RNA was extracted with TRI-reagent (Thermo Scientific, Cramlington, UK) following manufacturers guidelines using phase lock tubes (Eppendorf, Cambridge, UK). RNA samples were reverse transcribed using MultiScribe (Applied Biosystems, Foster City, CA, USA) primed with random hexamers according to the manufacturer's instructions. PCR reactions were carried out using an ABI Prism 7500 (Applied Biosystems). Primer and FAM (6-carboxyfluorescein)-labelled probe sequences are shown in Table I. Multiple transcript variants have been reported for human PTGFR (Liang ). However, only the full length receptor was detected in the human endometrium in this study. Multiple transcript variants have been described for PTGER3 (Kotani ), TBXA2R (Miggin and Kinsella, 1998) and TBXAS1 (Swanson ). The primers utilized in this study did not distinguish between these isoforms. Pre-validated primers and probes were purchased for AKR1B1, PTGES3, HPGDS and GPR44 (Assay-on-Demand, Applied Biosystems). Primer-only amplification products were detected using SYBR Green (Applied Biosystems) incorporation during the PCR reaction. Gene expression was normalized to 18S ribosomal RNA (Applied Biosystems) as an internal standard. Results are expressed as relative to a standard (pooled endometrial tissue cDNA) included in all reactions.

Immunohistochemistry

Five micrometres of paraffin-embedded sections were de-waxed and rehydrated through graded alcohols before antigen retrieval was carried out using 0.01 M citrate phosphate buffer in a pressure cooker for 5 min at maximum pressure. After release of pressure, the sections were incubated for a further 21 min before endogenous peroxidase activity was blocked by 5 min incubation in 3% solution of hydrogen peroxide: methanol. Immunohistochemistry was performed using an automated Visions Biosytems ‘Bond’ Immunohistochemistry system (Bond, CA, USA). Sections were incubated for 120 min with primary antibodies such as mouse anti-AKR1C3 (1:5000; A6229; Sigma, Dorset, UK); rabbit anti-AKR1B1 (1:50; Ab71405; Abcam, Cambridge, UK); goat anti-CBR1 (1:500; Ab4148; Abcam); rabbit anti-PTGDR (1:100; 101640; Cayman Chemicals, Ann Arbor, MI, USA); rabbit anti-PTGER1 (1:500; 101740; Cayman Chemicals) and a corresponding post-primary protocol. Sections were then counterstained in haematoxylin and mounted in pertex. Sections were imaged using a Provis AX70 microscope (Olympus, Southend-on-Sea, UK) and photographed using an AxioCam HRc with AxioVision Release 4.8 (Carl Zeiss Ltd, Berlin, Germany).
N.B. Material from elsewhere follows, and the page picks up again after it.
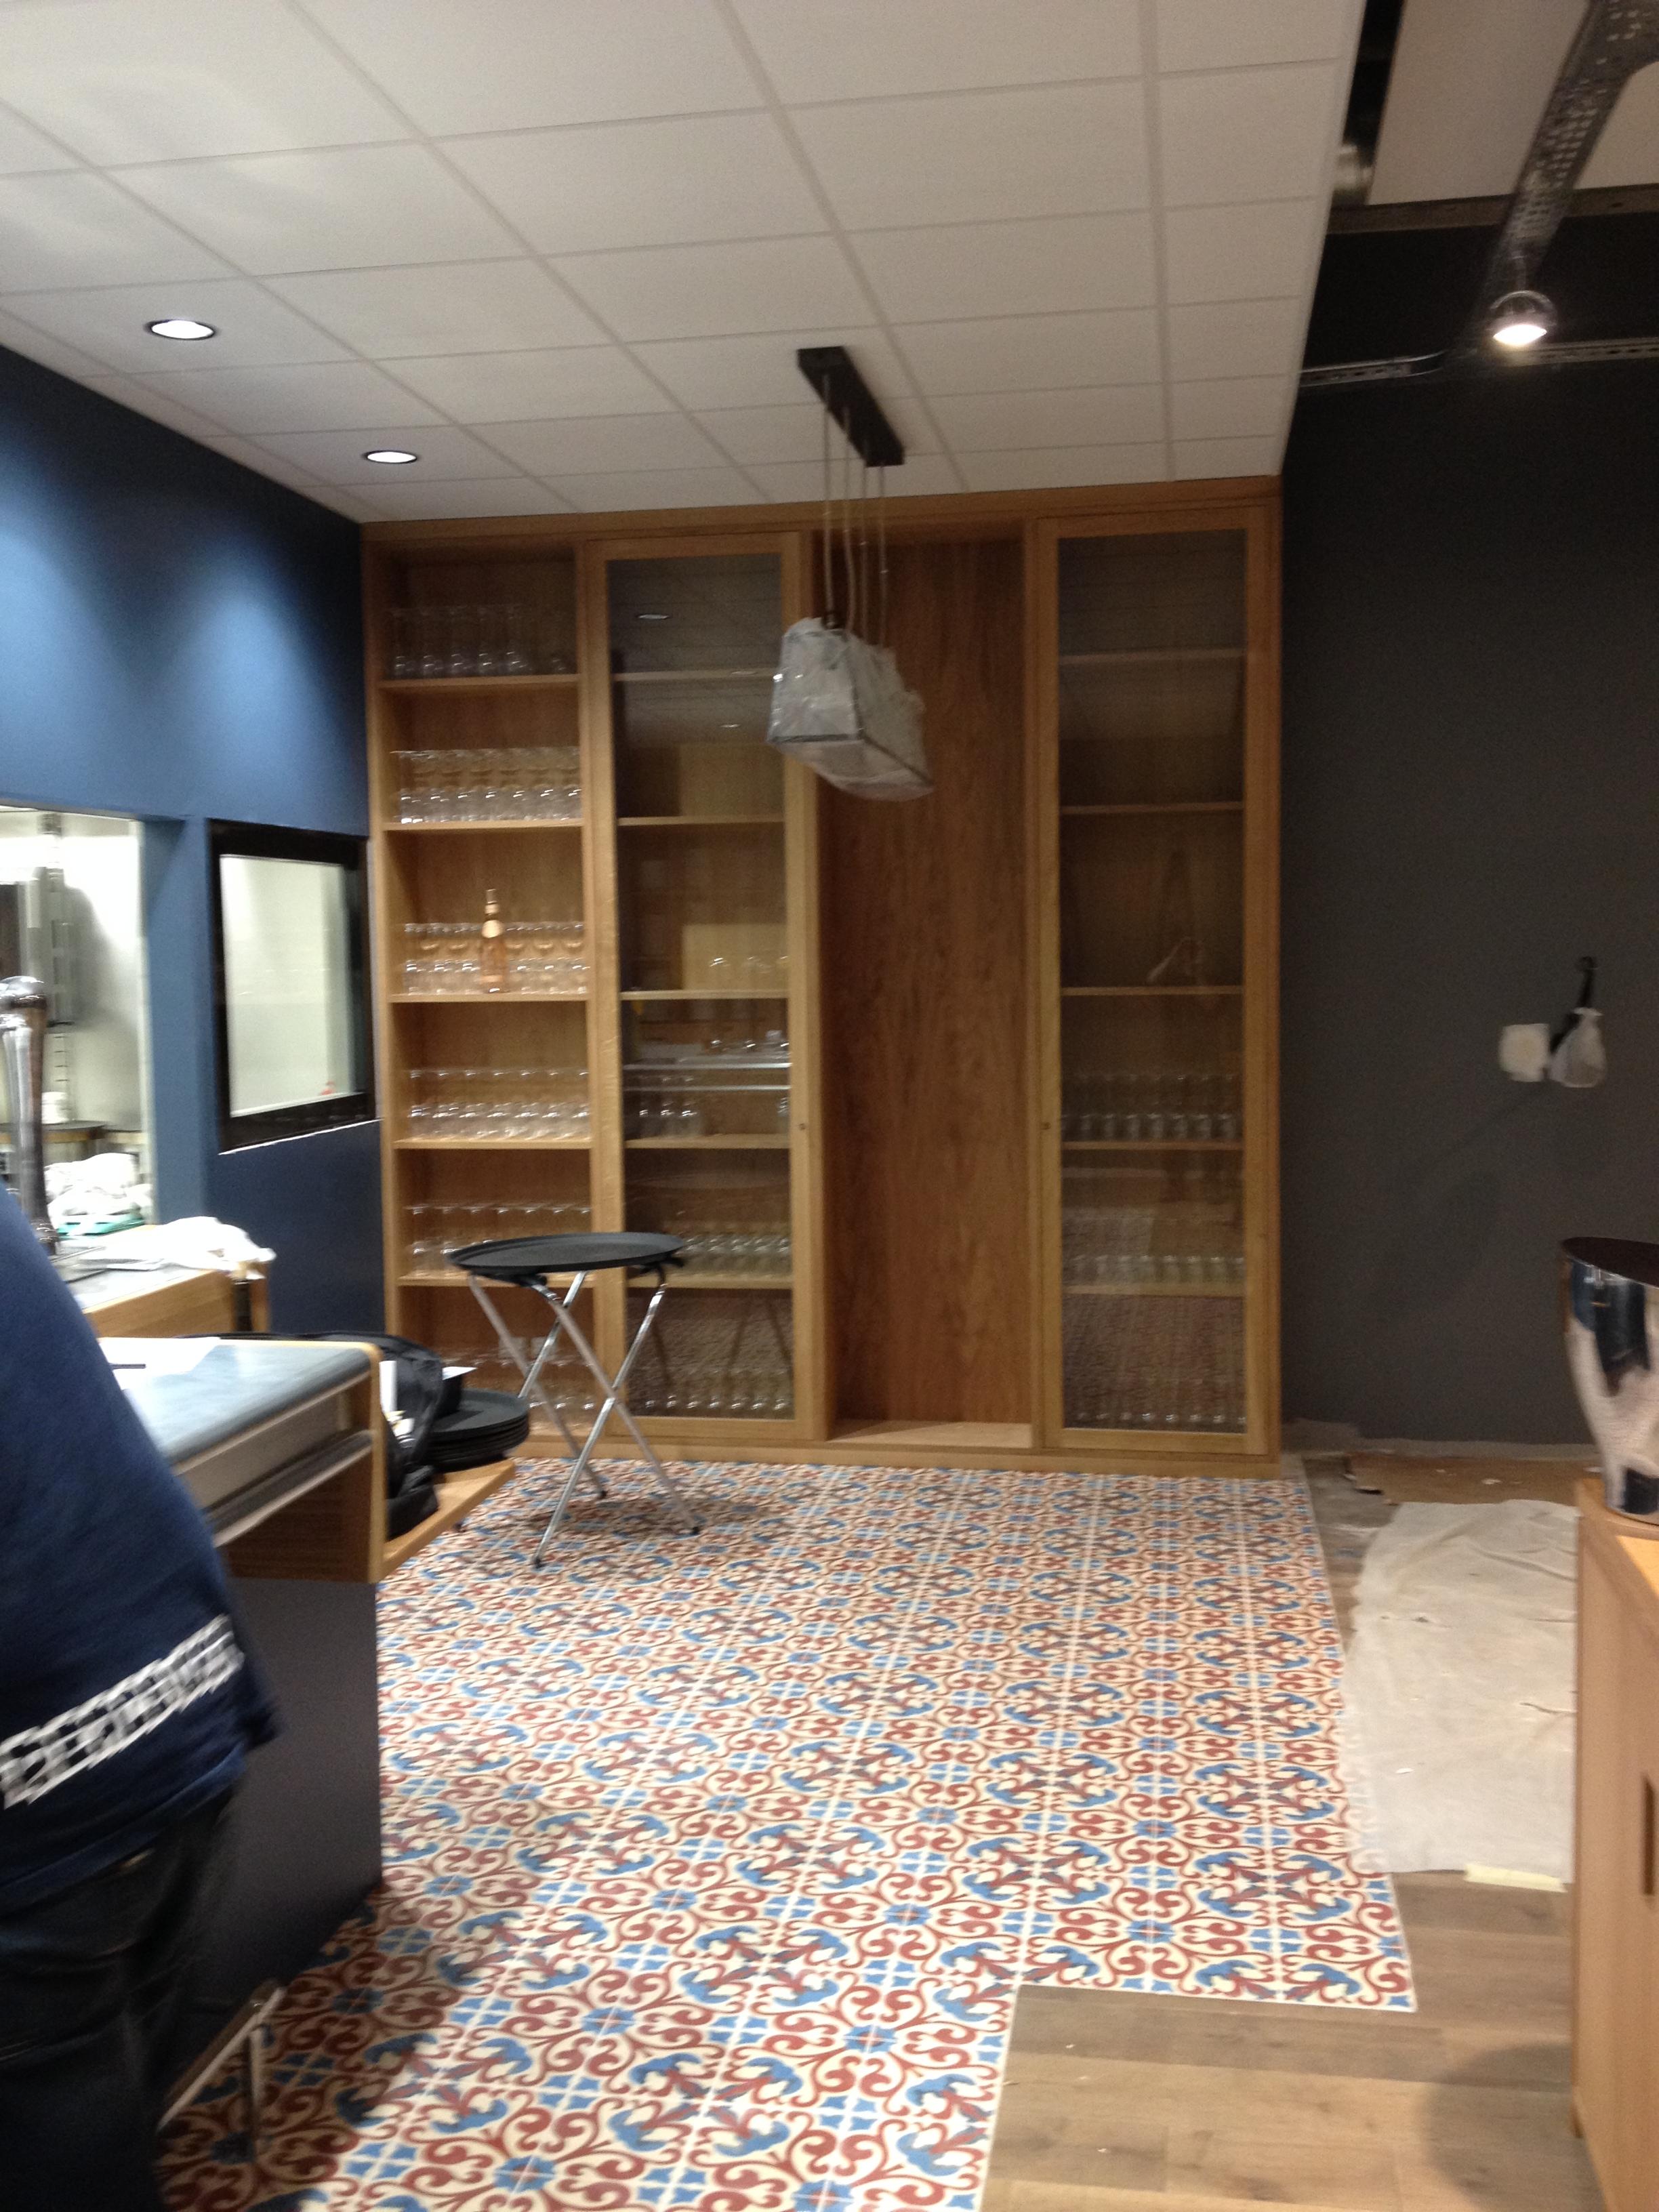 fabrication de mobilier pour une brasserie r alisation meubles detallante fabricant de. Black Bedroom Furniture Sets. Home Design Ideas

Immunohistochemistry was performed in duplicate on three to five different endometrial samples for each phase of the menstrual cycle and the most representative section was imaged.

Statistics

Data were subjected to statistical analysis using a one-way analysis of variance with Tukey's multiple comparison post test (GraphPad Prism, GraphPad Software, Inc., La Jolla, CA, USA).

Results

RNA transcript expression of prostanoid enzymes across the menstrual cycle

Quantitative real-time PCR (Q-RT–PCR) was performed to determine the RNA transcriptional profiles of prostanoid enzymes in endometrial tissue collected across the menstrual cycle. The temporal pattern of expression for all synthase enzymes is illustrated in Fig. 2. The analyses demonstrate that expression of prostanoid synthases are predominantly elevated in the secretory and menstrual phases of the cycle with a decrease in expression in the proliferative phase (Fig. 2 and Table II).

Figure 2

QPCR expression analysis of prostanoid enzymes across the menstrual cycle. Relative levels of RNA transcripts were quantified by RT–PCR from endometrial samples taken from the menstrual (Mn), proliferative (P), early secretory (ES), mid-secretory (MS) and late secretory (LS) phase of the menstrual cycle. Expression levels were measured compared with a calibrator RNA sample. The graphs show individual values for each sample, mean expression levels in arbitrary units normalized to 18S ribosomal RNA and error bars represent SEM. Mn (n = 5), P (n = 10), ES (n = 10), MS (n = 10) and LS (n = 10); Different letters (a–c) represent statistically significant differences between groups (see Table II for P-values); ns, not significant.

Table II

Summary of significant increases in expression of prostanoid enzymes across the menstrual cycle; menstrual (Mn), proliferative (P), early secretory (ES), mid-secretory (MS) and late secretory phase (LS).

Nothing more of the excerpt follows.